See also the article by Castiglione et al in this issue.

Alexandre Cadrin-Chênevert, MD, is a diagnostic and interventional radiologist at CISSS Lanaudière affiliated with Laval University. He has previously served as chief of the medical imaging department. As a Kaggle competition master, he has successfully participated in many machine learning competitions. He is an early member of the Canadian Association of Radiologists artificial intelligence working group. His current research interests include deep learning, computer vision, object detection, self-supervised learning, model generalizability, and public medical imaging datasets.
“Is this chest radiograph normal?” Answering such a question may seem simple for an experienced radiologist who has integrated thousands of previously interpreted examinations into his or her own current subjective representation of normality (1). This hardly explainable representation learned from experience is based on a set of intrinsic factors associated with the image and on extrinsic factors related to the patient’s demographics and symptoms. Producing a useful and accurate radiologic report for the referring physician necessarily involves defining clear and reproducible limits of image normality (2). The factors involved in assessing normality are often complex and cannot be easily broken down.
The use of the Greulich and Pyle atlas for the estimation of bone age in pediatric radiology is a typical example of the adaptation required to define thresholds of normality associated with the patient’s age. The application of such an atlas quickly comes up against hidden population biases such as geographic location or genetic characteristics of the population under study (3). In medicine, the use of multivariate nomograms attempts to compensate for these individual biases through simple mathematical relationships that are often linear. Deep learning through iterative optimization learning of the statistical distribution of a dataset is a very powerful tool to help define a normality specific to the context of a subpopulation. The development of a deep learning model of bone age, trained using chronological age from pediatric hand radiographs in a clinical setting of trauma, demonstrated the flexibility of the method to define a new statistical normality (4).

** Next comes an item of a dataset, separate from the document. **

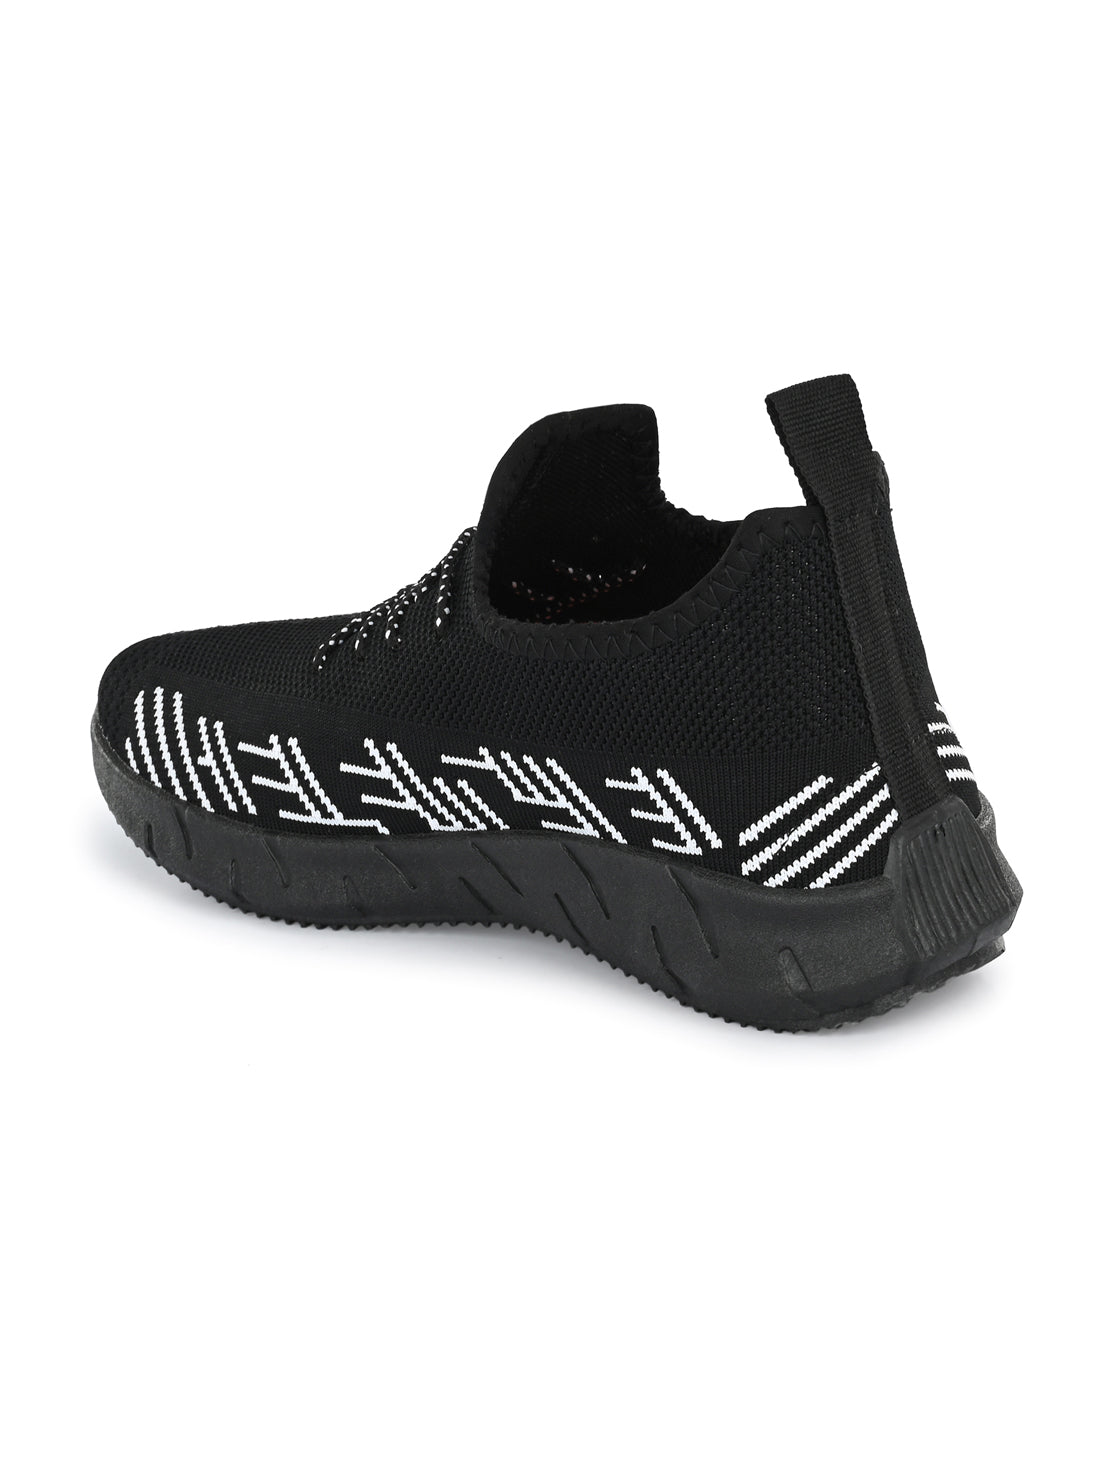 Hirolas® Men's Black Knitted Running/Walking/Gym Lace Up Sport Shoes (HRL2049BLK)

The article “Automated Segmentation of Abdominal Skeletal Muscle on Pediatric CT Scans Using Deep Learning” by Castiglione et al published in the current issue of Radiology: Artificial Intelligence effectively explores the ability of deep learning to segment and quantify muscle tissue in L3-level CT images of a pediatric population (5). The use of two successive deep learning semantic segmentation models based on the U-Net (6) architecture—first to localize the L3 vertebra on the localization image and then to segment the muscle structures on the chosen axial section—allows one to obtain an excellent segmentation measurement accuracy. Most importantly, the automation of this method, applied to larger pediatric datasets from several institutions, would allow one to define clear quantitative boundaries of muscle mass and skeletal muscle mass index ratio for the pediatric age range.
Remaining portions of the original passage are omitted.